Agni v/s. Shaurya :- What’s the difference between Agni and Shaurya missiles?
The Agni missile is a family of medium to intercontinental range ballistic missiles developed by India, named after one of the five elements of nature. Agni Missiles are long range, nuclear weapons capable surface to surface ballistic missile. The first missile of the series, Agni-I was developed under the Integrated Guided Missile Development Program and tested in 1989. After its success, Agni missile program was separated from the IGMDP upon realizing its strategic importance. It was designated as a special program in India’s defence budget and provided adequate funds for subsequent development. As of 2008, the Agni missile family comprises three deployed variants while two more variants are under testing.
Agni Missiles are long range, nuclear weapons capable surface to surface ballistic missile. The Agni Missile is a family of medium to intercontinental range ballistic missiles developed by India. These are nuclear capable missiles.
The latest development is Agni-V, is a solid fueled intercontinental Ballistic Missile (ICBM) developed by DRDO of India. It will greatly expand India’s reach to strike targets more than 5,500 km away.
The Agni-V is a three-stage solid fuelled missile with composite motor casing in the second and third stage. It can be reach to the speed of Mach 25 at terminal phase.
Agni -v is also a canister launched missile. Shaurya missile has very short range compared to Agni series. And also nuclear war head capacity is higher in Agni Missiles.
The Shaurya missile is a canister launched hypersonic surface-to-surface tactical missile developed by the Indian Defence Research and Development Organisation (DRDO) for use by the Indian Armed Forces. It has a range of between 750 to 1,900 km (470 to 1,180 mi) and is capable of carrying a payload of one ton conventional or nuclear warhead. It gives the potential to strike in the short-intermediate range against any adversary.
The Shaurya Missile is classified as a “Cruise Missile Hybrid “ system.It flies like a ballistic missile till it attains the height of 50 km. Post that it behaves like a hypersonic cruise missile. So the first half of its trajectory is still like a ballistic missile and predictable. It has a high CEP of 20–30 meters which means it is not as accurate as the Brahmos (CEP 1–2 meters).
While ballistic missiles cannot correct their course midway, the Shaurya is an intelligent missile. Onboard navigation computers kick in near the target, guiding the missile to the target and eliminating errors that inevitably creep in during its turbulent journey.
The Shaurya, say DRDO sources, will strike within 20-30 metres of its target after travelling 750 kilometres.
Conventional cruise missiles, like the American Tomahawk and the Indo-Russian Brahmos, offer similar accuracy.
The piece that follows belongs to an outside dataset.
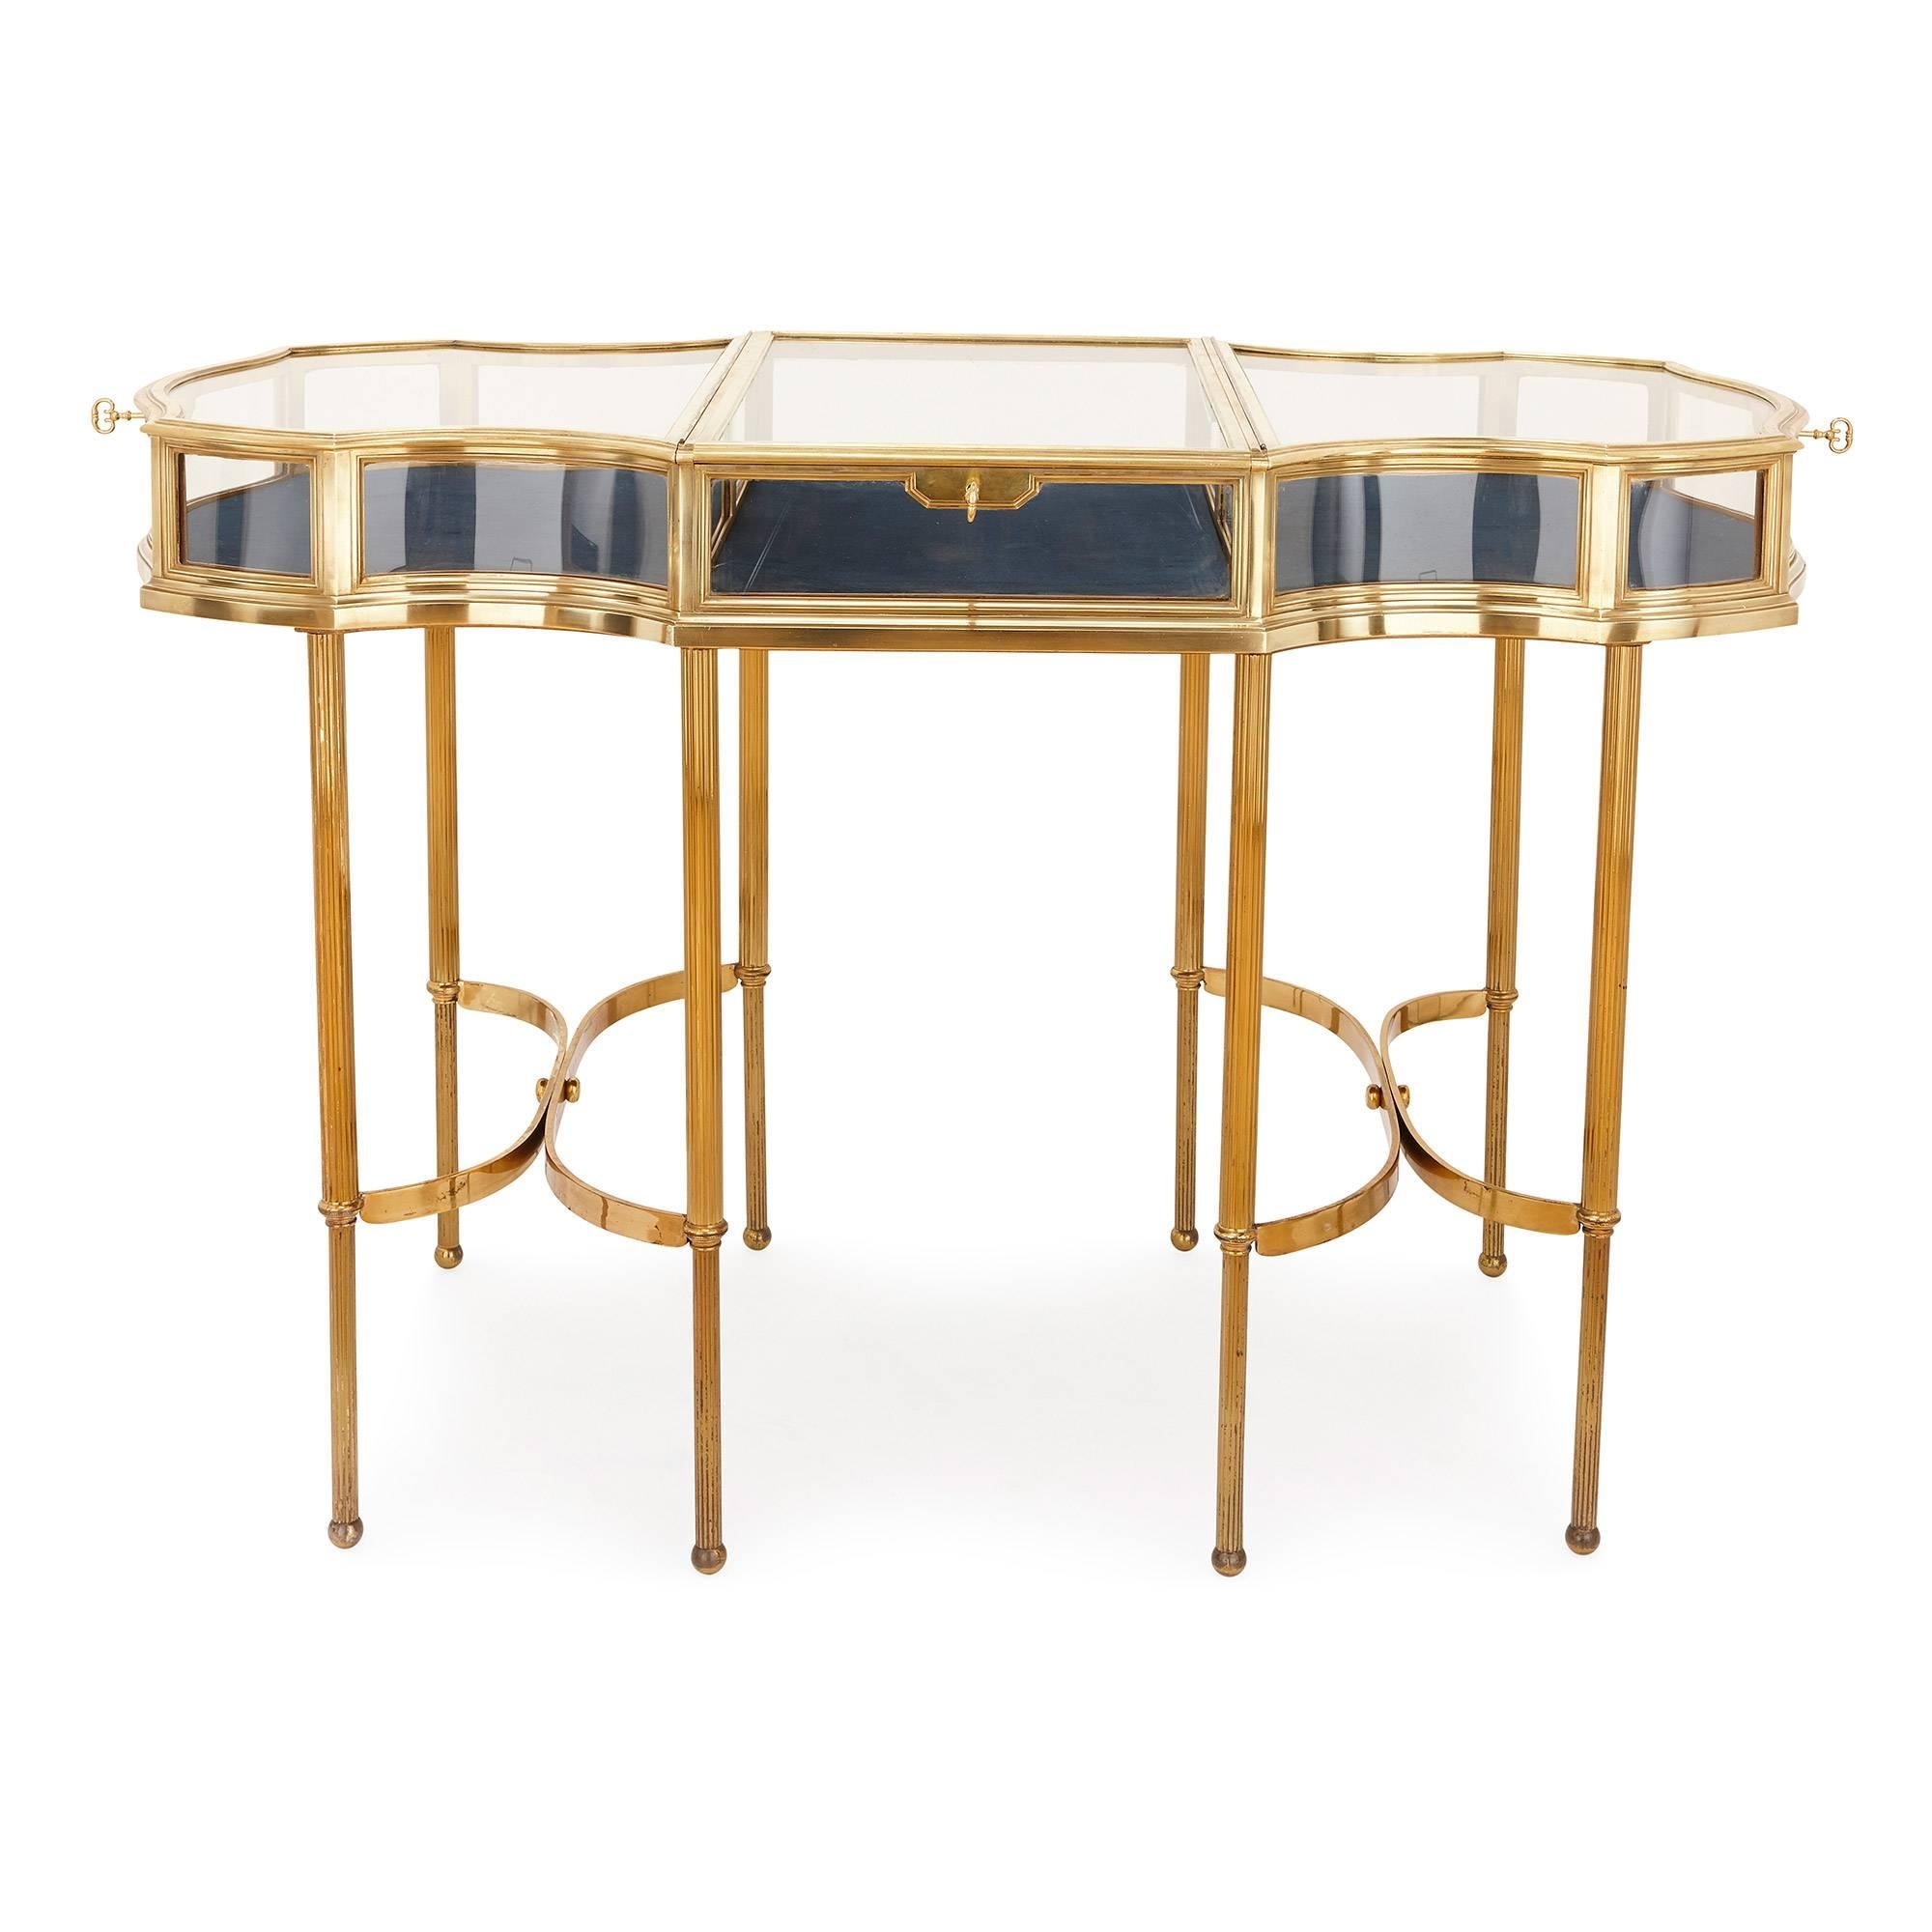 This French vitrine table is a beautifully elegant piece of design, and a true statement piece, perfect for the display of jewelry, trinkets and all manner of precious wares. Its shape is beautifully serpentine, and formed in three sections, each of

But their air-breathing engines carry them along slowly, rendering them vulnerable to enemy aircraft and missiles. The Shaurya’s solid-fuel, air-independent engine propels it along at hypersonic speeds, leaving enemy fighters and missiles far behind.
Shourya is comparable to Russia’s Iskander missile that can cruise at hypersonic speed of Mach 6 – 7 at a height of 50 km and maneuver to evade ballistic missile defenses.
The Iskander-M weighs 4,615 kg and carries a warhead of 710 800 kg to a range of 480 km, achieving a CEP of 5 7 m.At 6.5 ton, Shourya is considerably heavier than the Iskander-M but has a much longer range.
The Shourya is the land based version of the Saagrika missile developed under the K-15 project for arming India’s SSBNs. Shaurya is stored in a composite canister, which makes it much easier to store for long periods without maintenance as well as to handle and transport. The missile has a diameter of 0.74 and a length of 10m; it is custom built to fit, three each, in the missile tube of the Arihant class SSBNs.